Aber Vorsicht, nicht alles, was natürlich ist, ist trivial. Ich spreche vor dem Test immer mit einem Fachmann. Ich möchte meinen Körper respektieren und ihn nicht mit blinden Experimenten überfluten.
Lernen Sie, auf Ihren Körper und seinen Kreislauf zu hören
Ich lernte auch die Anzeichen meines Eisprungs kennen: Temperatur, Beschaffenheit des Zervixschleims, Empfindungen im Unterbauch. Ich führe ein kleines Notizbuch, manchmal nutze ich eine App, aber das Wertvollste ist die Beobachtung.
Das Verstehen Ihres Zyklus ist wie das Lesen einer Karte: Sie vermeiden es, sich im Kreis zu drehen. Dies hat mir geholfen, Momente wie die Schlafphase schwangerer Frauen besser zu verstehen. Und glauben Sie mir, es verändert alles.
Vergessen Sie nicht die männliche Fruchtbarkeit
Ich habe es oben erwähnt: Fruchtbarkeit ist eine Zwei-Personen-Angelegenheit. Und doch reden wir so wenig über das Thema Männer. Stress, Alkohol, Hitze (Ade, Computer auf den Knien!), Tabak-, Zink- oder Selenmangel … all das hat Auswirkungen auf die Spermienqualität.
Wenn Sie ein Mann sind oder eine Beziehung mit einem Mann haben, sprechen Sie darüber. Langsam, aber rede darüber. Es ist befreiend und vor allem notwendig.
Wann sollten Sie sich beraten lassen?
Ich habe mir auch die Frage gestellt: Wie lange sollte man es versuchen, bevor man um Hilfe bittet? Die Antwort ist nicht in Stein gemeißelt, aber wir sprechen oft von einem Jahr regelmäßigen Geschlechtsverkehrs ohne Schwangerschaft (oder sechs Monaten nach dem 35. Lebensjahr). Das bedeutet nicht, dass es ein Problem gibt. Aber ein wenig medizinische Hilfe kann hilfreich sein.

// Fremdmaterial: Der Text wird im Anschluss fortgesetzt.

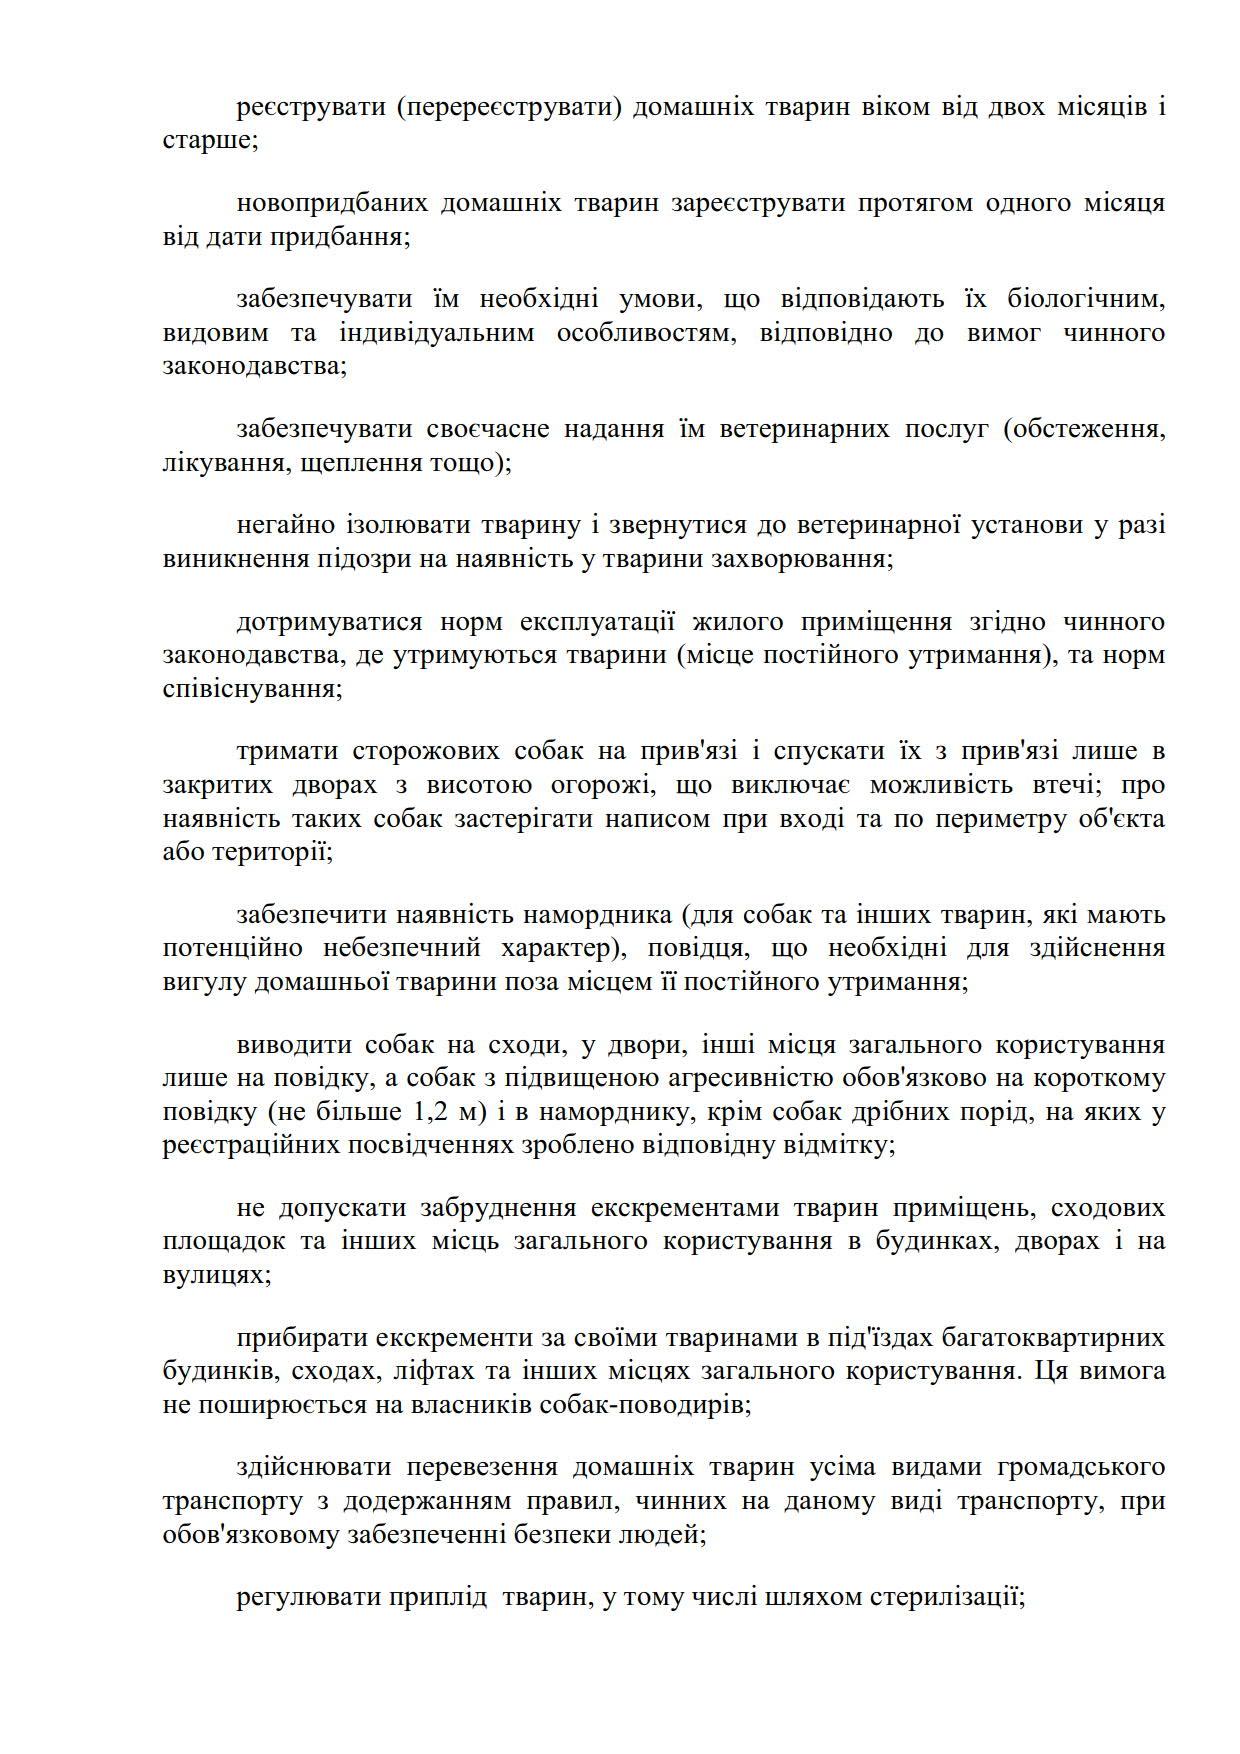 Правила утримання домашніх тварин коломак нов_07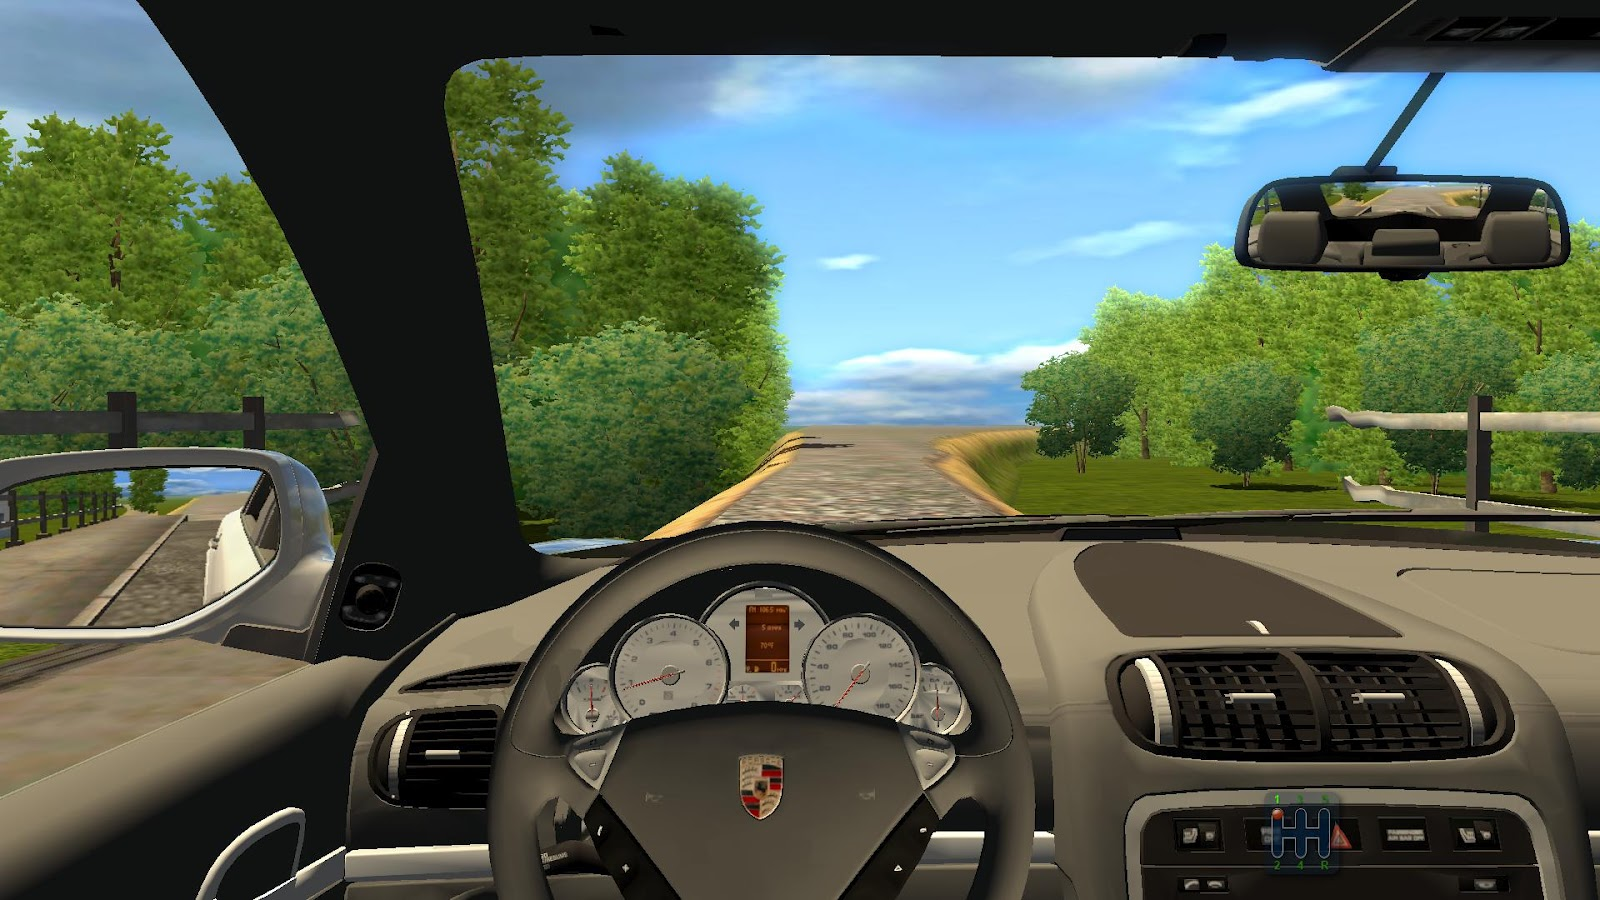 Driving simulator

Und auch wenn Sie es lieber natürlich mögen, können Sie beides durchaus kombinieren. Es ist nicht gegeneinander. Sie sind es, mit allen Optionen auf dem Tisch.
Ein Weg, kein Rennen
Ich sehe diesen Weg zur Fruchtbarkeit heute sowohl als eine innere als auch eine körperliche Suche. Ich habe gelernt, langsamer zu werden, auf mich selbst zu hören und eine einladende Umgebung zu schaffen. Und auch wenn das Warten manchmal schwer ist, erinnere ich mich daran, dass jeder Schritt zählt.
Sie sind nicht allein. Und vor allem hast du Macht. Nicht auf alles, aber auf vieles.